Slaughter in Abobo occurred in the backdrop of inflammatory statements.

The FIDH strongly condemns the intensification of violence and abuses against civilians in Côte d’Ivoire.

On March 17, 2011, at least six shells came down on several Abobo districts, including on the Siaka Kone market in the Marley neighborhood, killing nearly 30 people and leaving nearly 60 injured. For several days, the civilian population in Abidjan has been the target of indiscriminate firing of tanks, mortars and Kalashnikovs, particularly in the districts of Yopougon, Adjame and Abobo.

Numerous other abuses against civilians are continuing, particularly summary executions and enforced disappearances. According to the information received by FIDH, yesterday, 4 people were killed by a police officer in the district of Adjame, 3 others were reportedly abducted in Yopougon by elements from the Security Operations Command Center (CECOS) and 7 others, including three students, are reported to have been killed in the Cocody district by members of the Grouping for Peace (GPP), a militia close to Laurent Gbagbo’s party.

These acts of violence accompany the inflammatory statements and other incitements to hatred and violence relayed in the media. Today, the daily newspaper Le Temps, a pro-Gbagbo publication, published an interview of a man who identified himself as being retired from the Defense and Security Forces of Côte d’Ivoire, who calls himself "Commander Fokker" and states that he is leading “an invisible patriotic commando”. In this interview the commander says "we have completed our recruitment and we are prepared to open fire [...] many rebel leaders have set up their families in Abidjan and we have began identifying these families, one by one. Nobody will escape. [...] Since yesterday, we have started firing. Our enemies are already receiving visits from us, in their homes, their offices or even in the streets." The commander imposed a 72 hours ultimatum to the United Nations Operation in Côte d’Ivoire (UNOCI) to leave the country, and went on to say "Hell has already begun for them. Some of them will never go back to their country. UN employees, civilian and military officials in Côte d’Ivoire, we put them all in one basket. Insecurity is already an experience for them, we spy on them everywhere. "

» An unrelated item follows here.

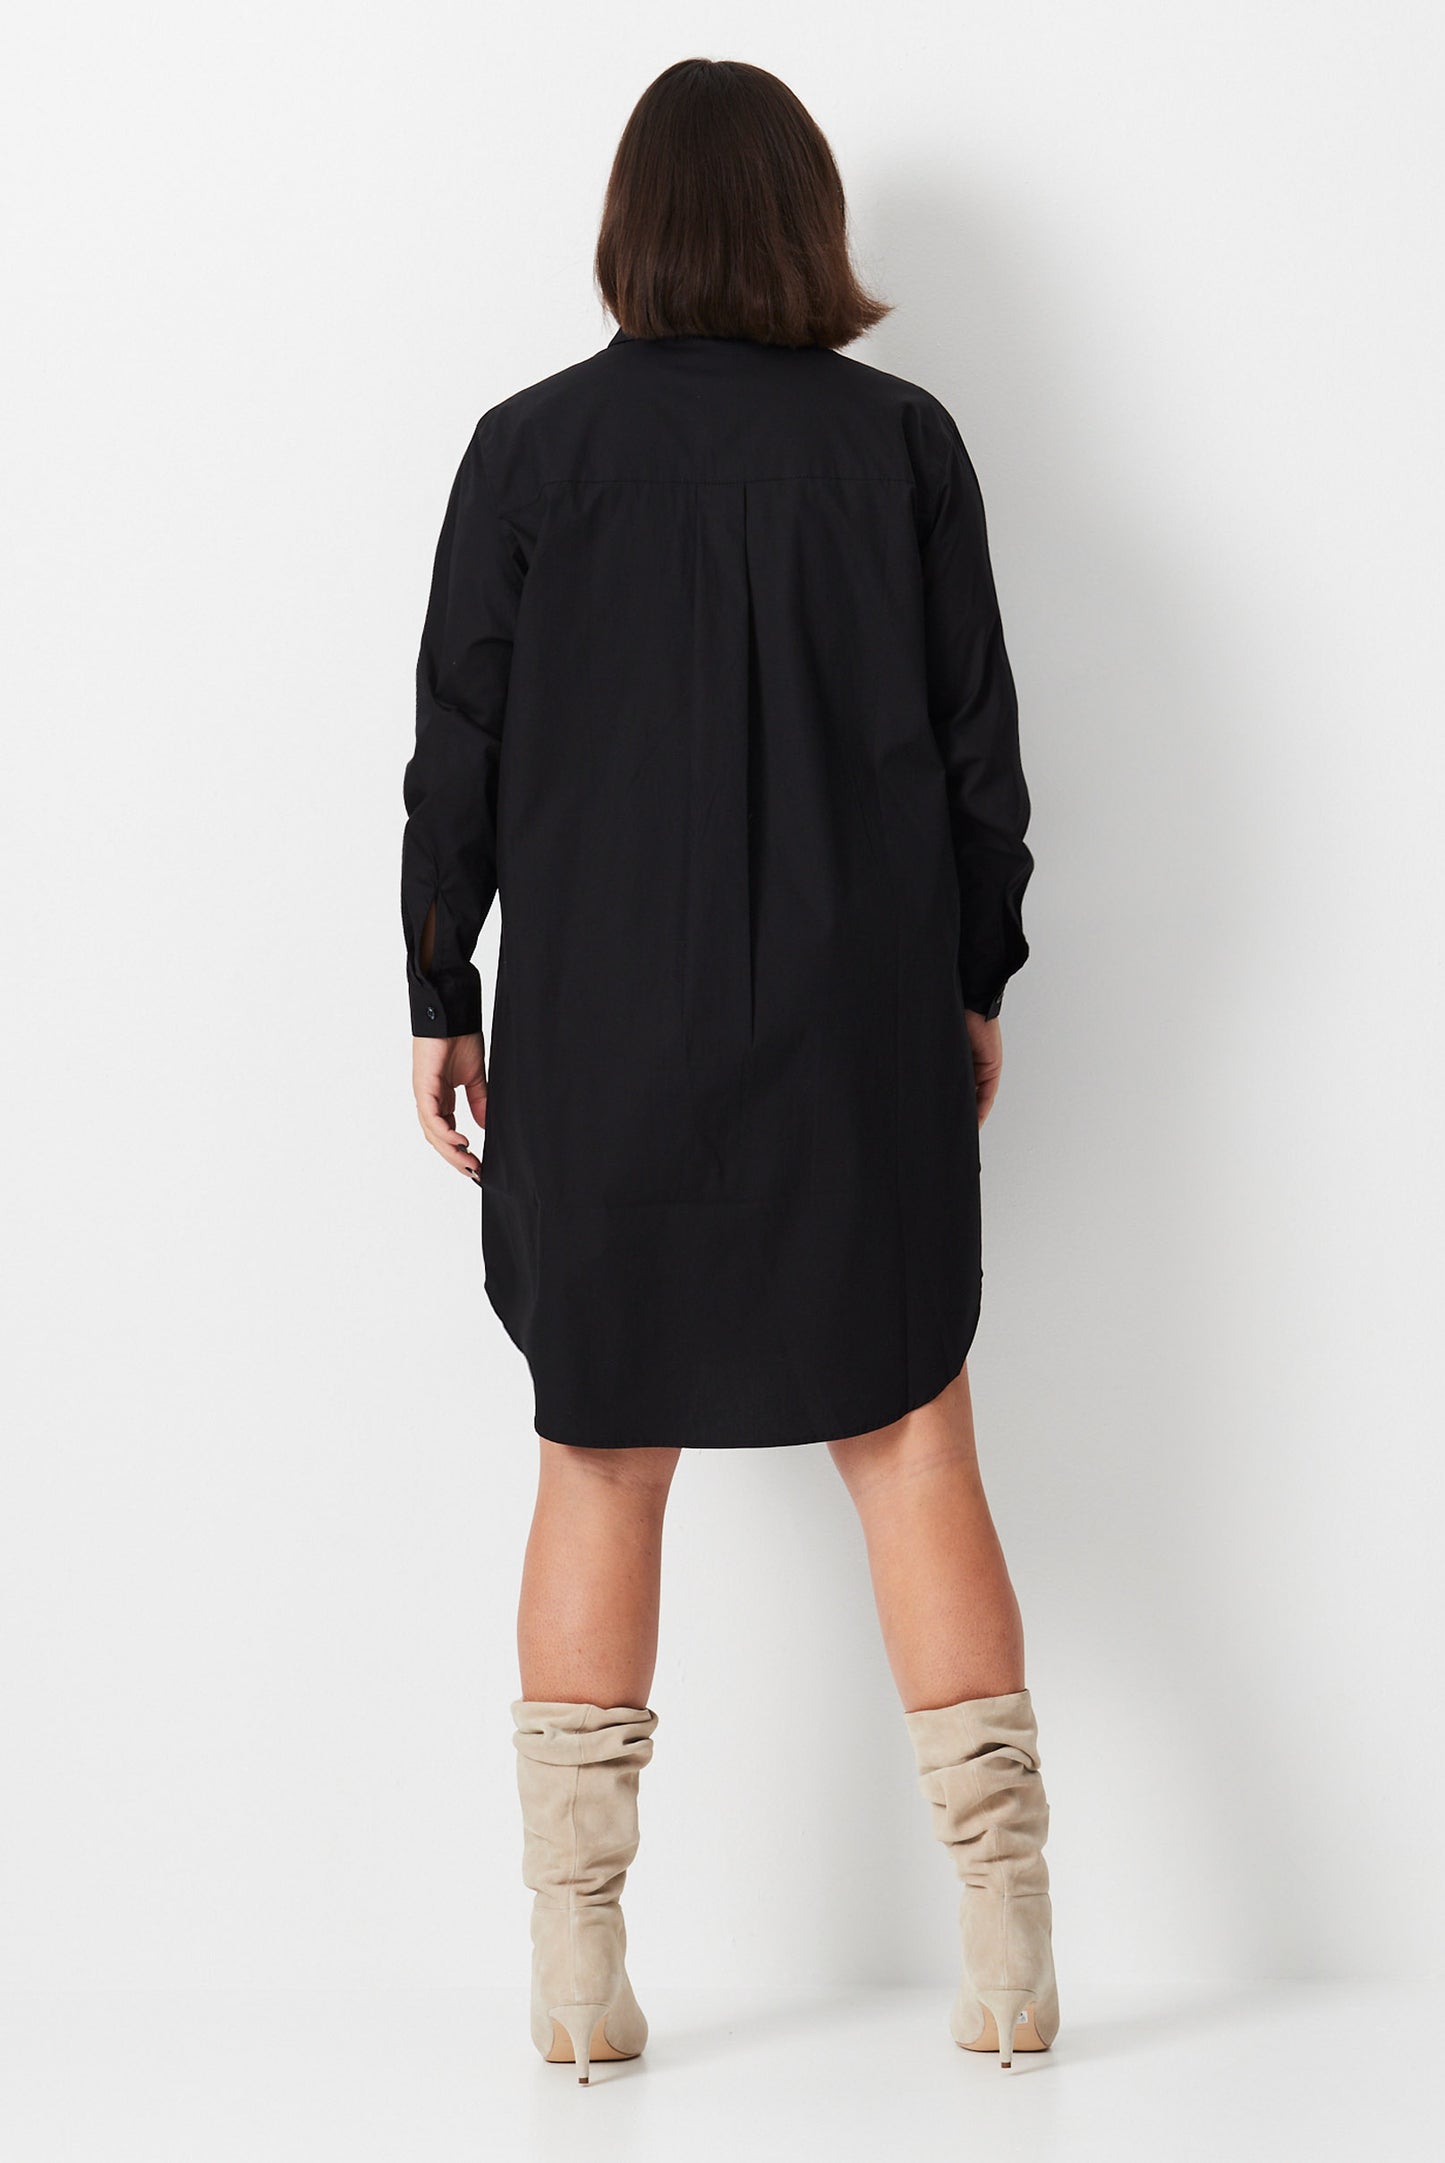 Model wears black plus size shirt dress made from organic cotton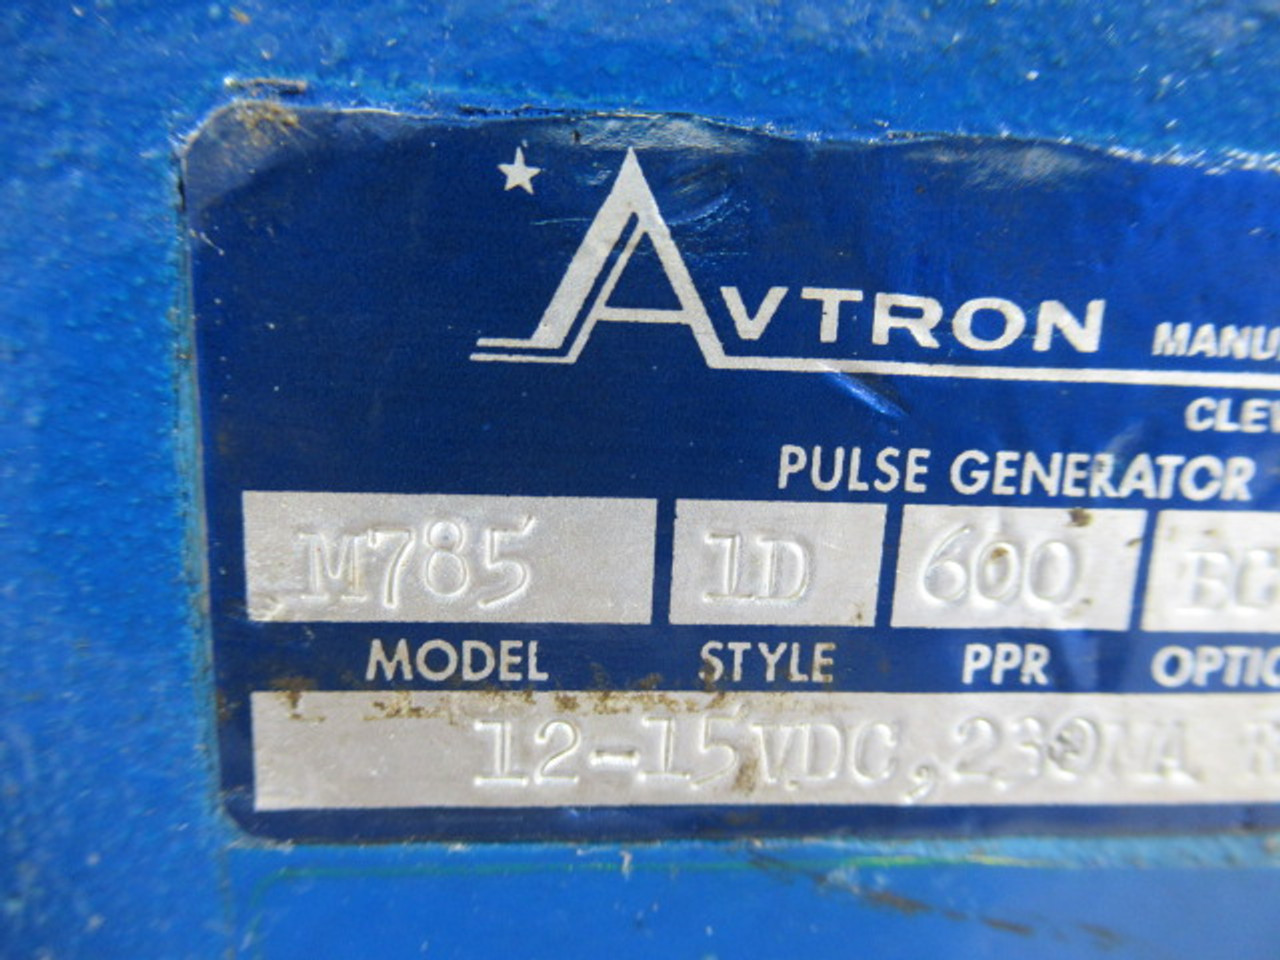 Avtron M785 Blue Pulse Generator Style 1D PPR 600 Rev-Y Option BC USED

“Again, we urge the warring parties to respect international humanitarian law and human rights, and recall that those responsible for these crimes will be brought to justice, including, if necessary, before the International Criminal Court who has been seized regarding the situation in Côte d’Ivoire " said Souhayr Belhassen, FIDH President. To that extent, FIDH recalls that hate speeches are considered a crime under international law and they may fall within the jurisdiction of the ICC.

“The United Nations Security Council must immediately give the necessary support and resources to UNOCI so that it can fully insure its mandate to protect civilians, and to ensure, in particular, the deployment of 2,000 extra peacekeepers as soon as possible, as stated in the 1967 Resolution adopted on January 19, 2011 by the Security Council." said Roger Bouka, General Secretary of FIDH.